I am extremely depressed & have no one to lean on. All my so called people that cared about me, have turned their backs on me. I've sunk in this deep hole of depression & don't know how to feel alive again
How do I feel alive again: I am... - Anxiety and Depre...
How do I feel alive again
I am sorta in the same boat as you right now. Its an awful feeling. If you want to talk, feel free to message or just here . As far as feeling alive again I'm not sure, as I said I feel the same way right now and have for a while now.
I am also an over thinker, & deal with bipolar disorder. I feel as tho I am never enough, nor worth loving. I feel,love,care too much about people & things that either don't deserve it, or just don't care. I've been heartbroken over a guy that I thought cared about me. He lived with me for a year & a half. But one day he just ghosted me. Now I am left with no closure, no nothing. Now I question everything that we've shared. I love him more than anything, & have never loved anyone the way I love him. Like why did he just ghost me?! Why couldn't we fix what was wrong?! It's been almost a year, & my heart still hurts. I am not capable of being truly loved. Life is so stressful. Why can't I move on & heal this torn heart of mine?
Wow.. I can relate to alot of that waaay to much.
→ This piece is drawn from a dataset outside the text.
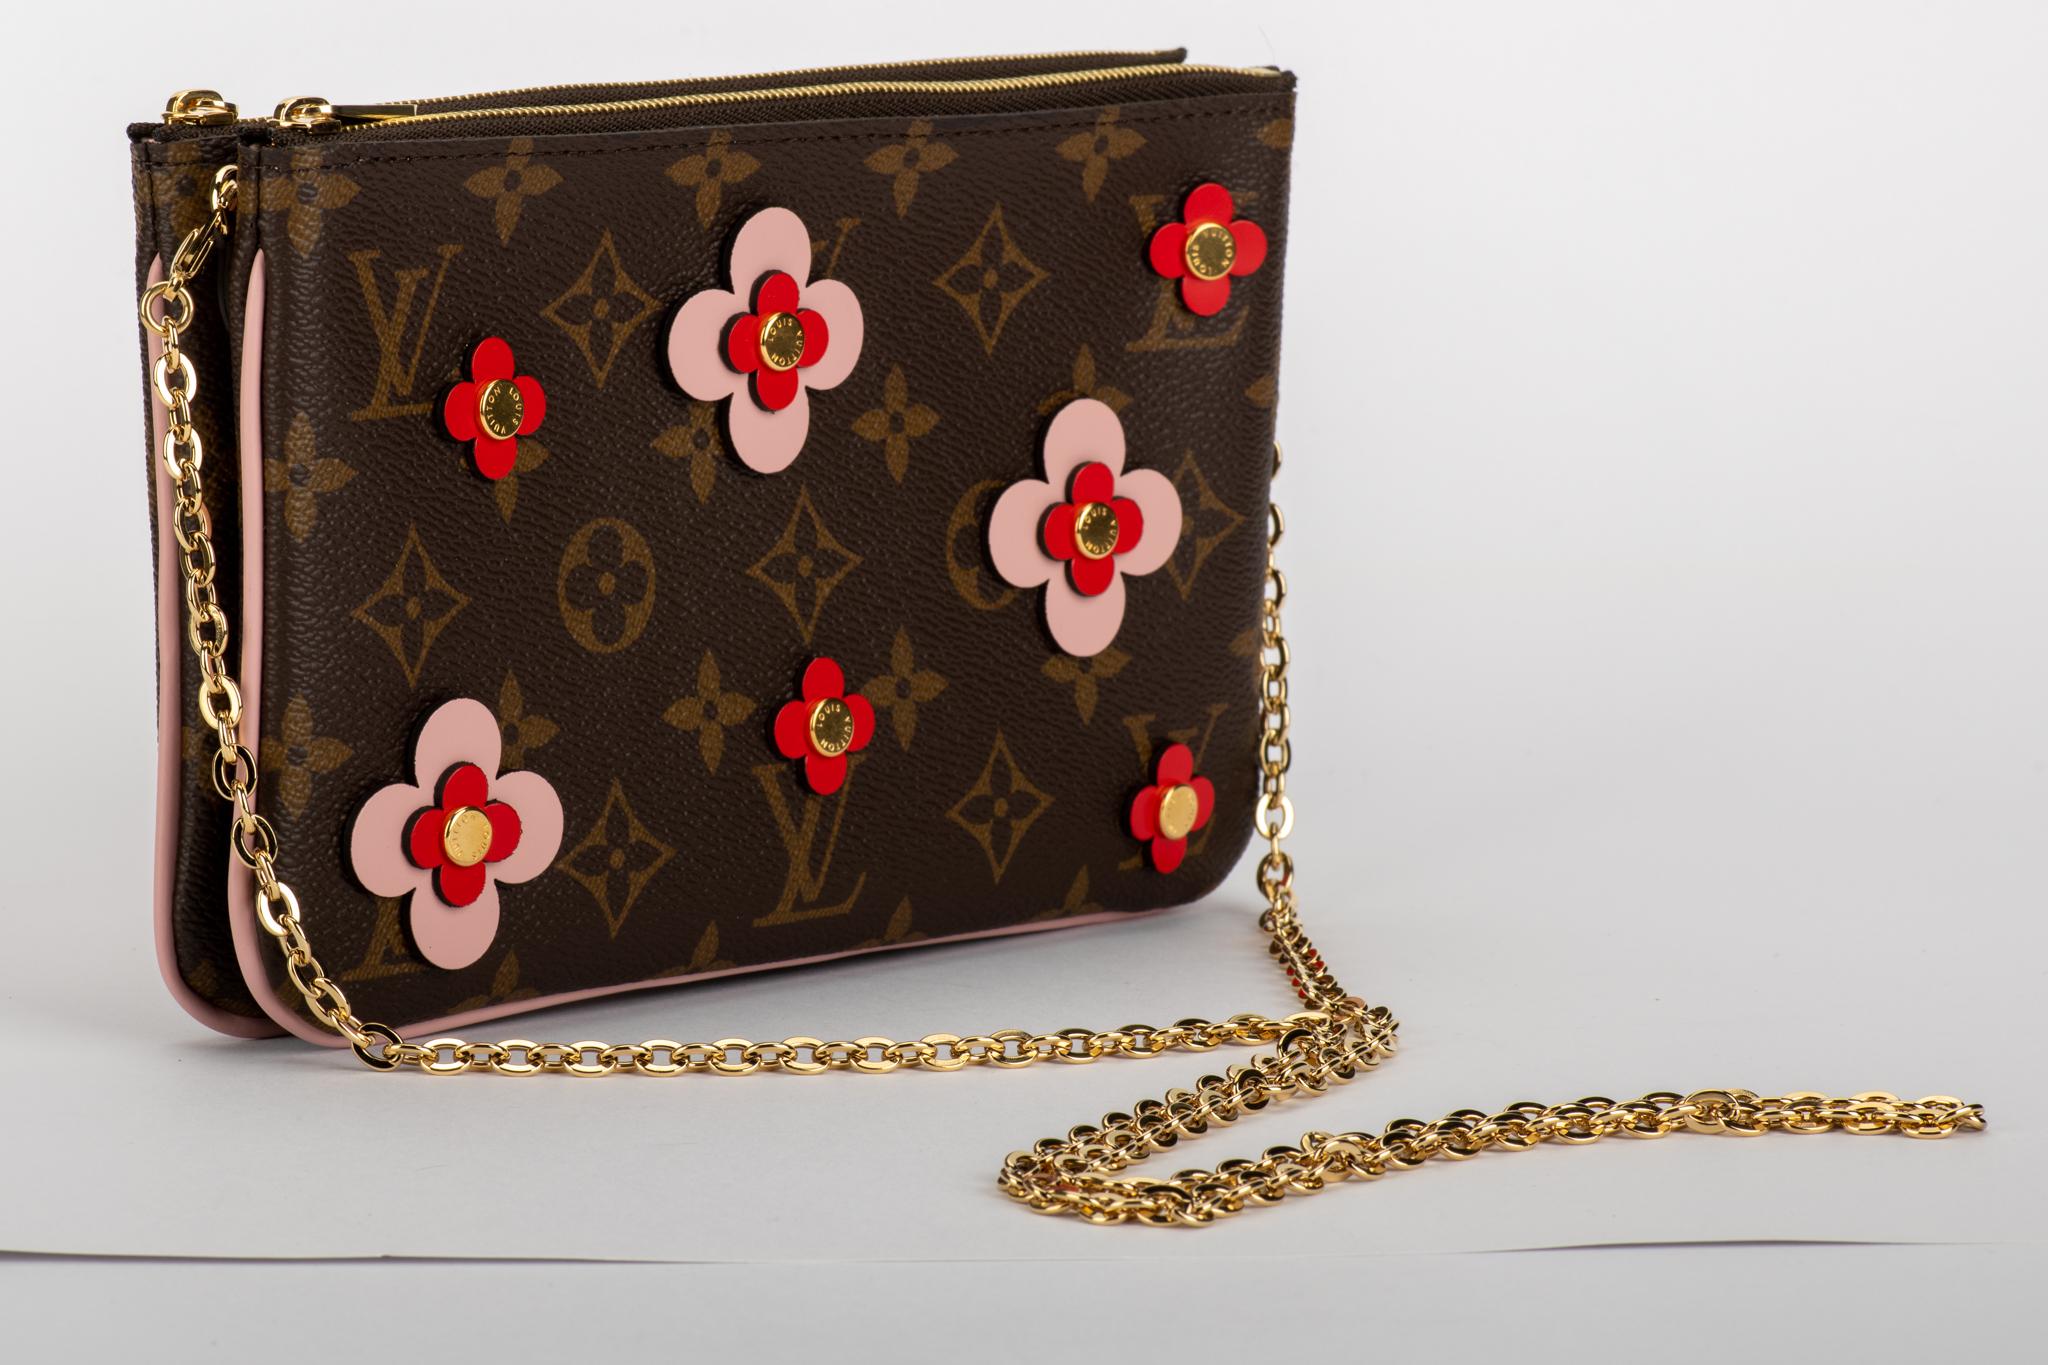 Louis Vuitton double pouchette in coated monogram canvas with pink and red flowers. Double zipped compartments with middle open pocket, can be used as a pouchette or as a crossbody. Comes with original dust cover. Never worn.

I mean for me wasnt a boyfriend lol I don't yaknow.. swing that swing but for real I actually am going through the sameish thing. Being ghosted for no reason by somebody who claimed to actually care, knowing that I always felt like I ain't even worth anything , that' I ain't good enough , then they do that shit and there's no closure , no reason .. over thinking all of it . Its been messing my head up for almost a year and I wish I could give you answers how to move on past it, but I myself can't even do that. Really wish I could. And wish I could help you too because it's an awful awful feeling.
I have no friend or family. I have no one to talk to. I don't feel alive. But sometimes I sing and feel a bit alive.
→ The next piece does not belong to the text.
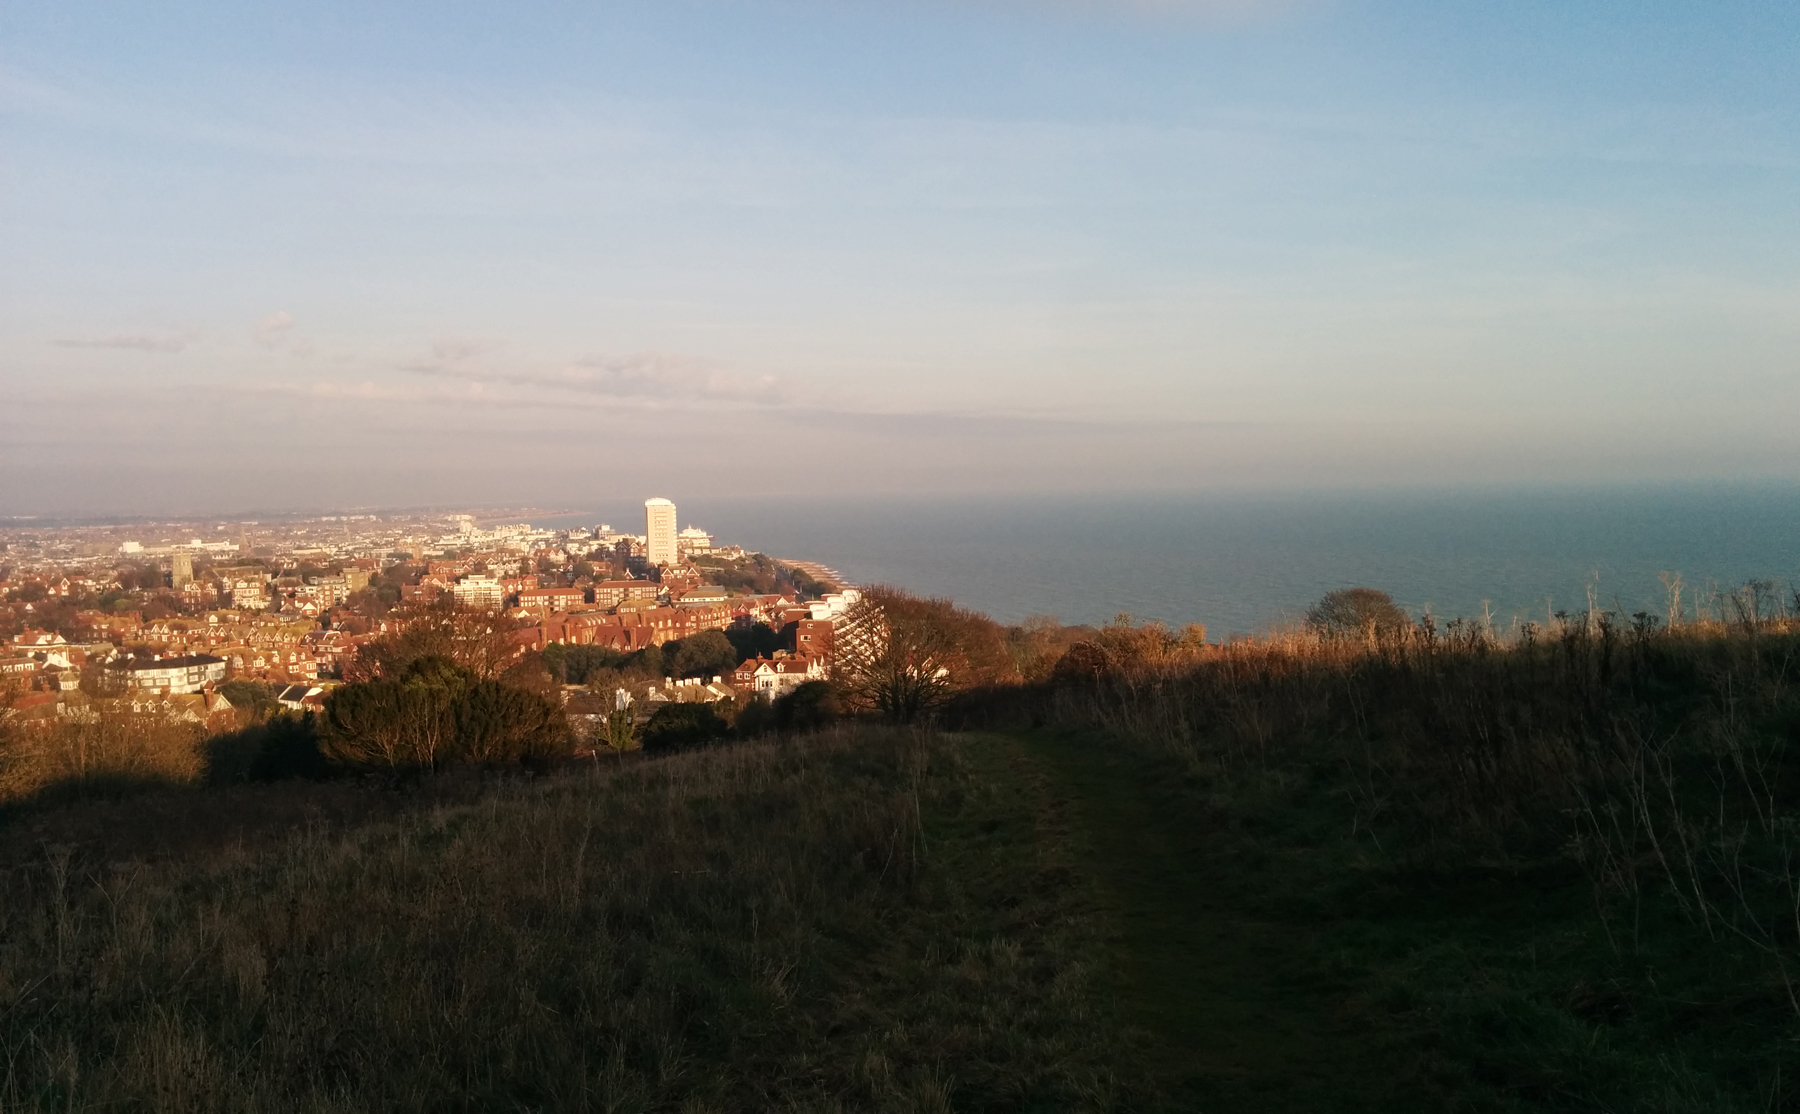 Looking back to Eastbourne from the footpath

I am so sorry you are going through this. In time you will be able to heal, but right now it must be very difficult. Thank you for sharing with us. I want you to know you are not alone. I struggle with depression as well. I have a wonderful doctor that I trust who has helped me tremendously. Hugs to you.
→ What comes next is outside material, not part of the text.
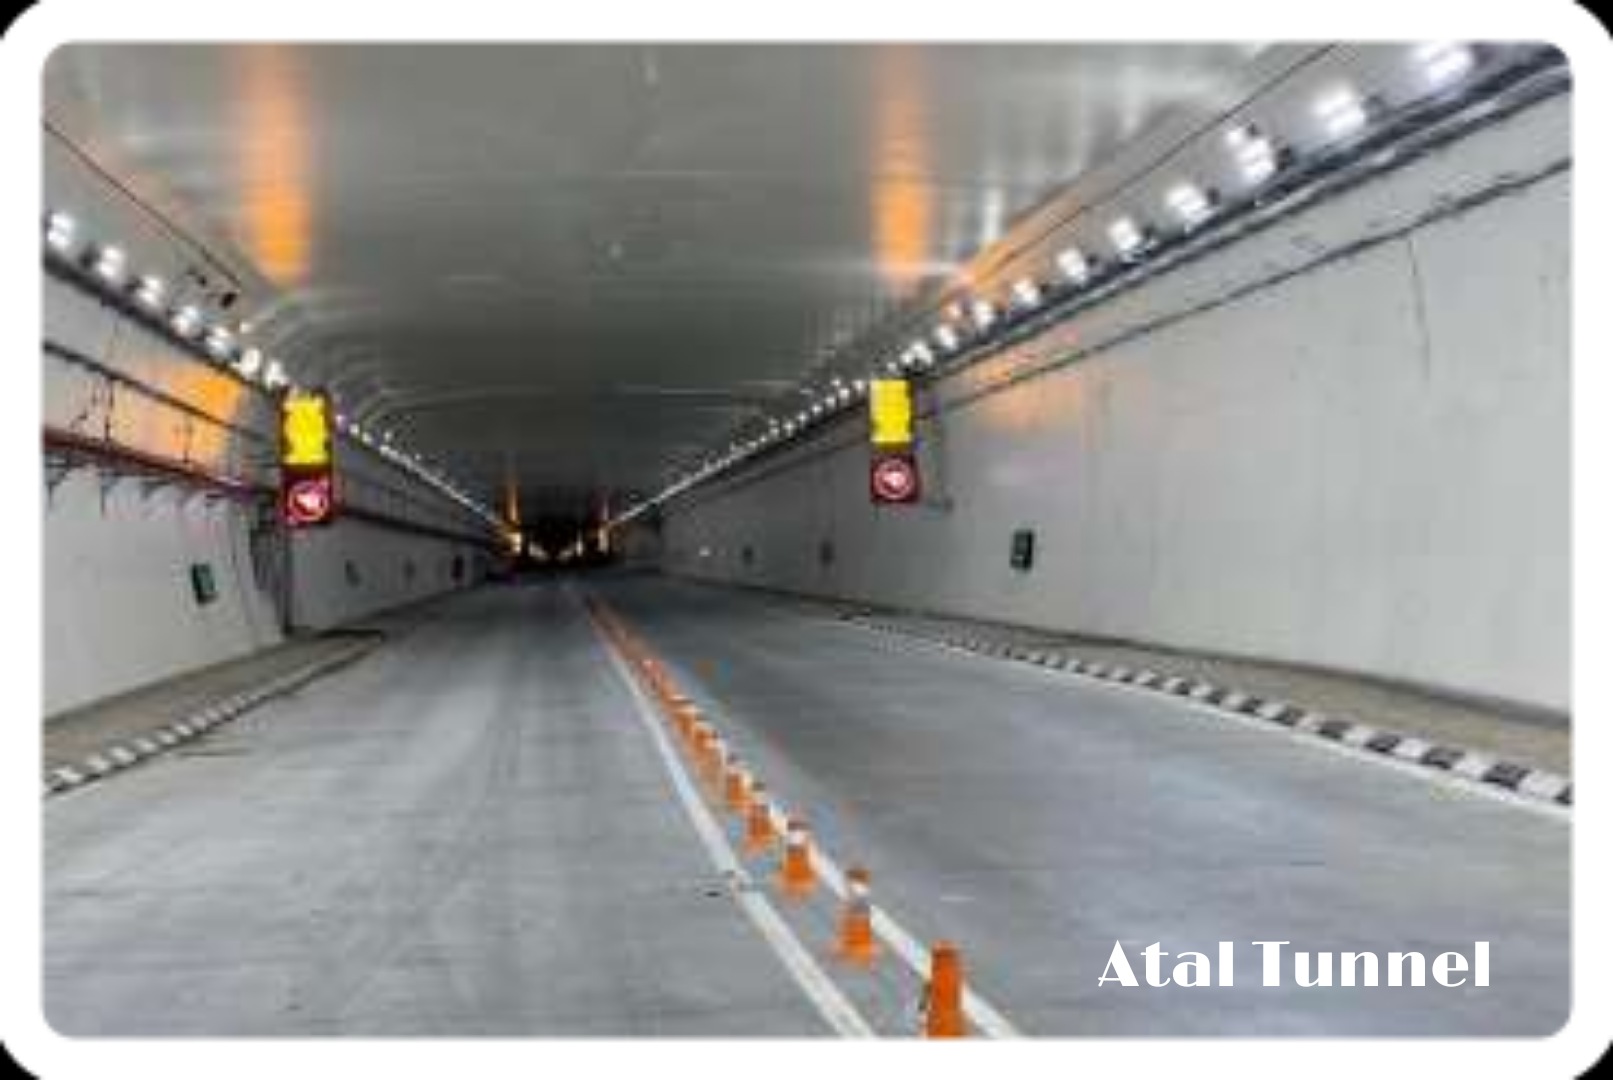 Atal Tunnel Longest Highway Tunnel In The World - जानिए अटल टनल से जुडी

hey, no need to worry at all, I hear you as I had been in this situation a few months back. I tried coping strategies (to make my sleep & eating habits better, deep breathing exercise, daily activities tasks, taking part in social activities, etc. i also took counseling sessions to deal with depression, and trust me it worked well for me. But as you know emotional support is needed so you need a good one around you with whom you can share your thoughts. then things will be on the positive side for you.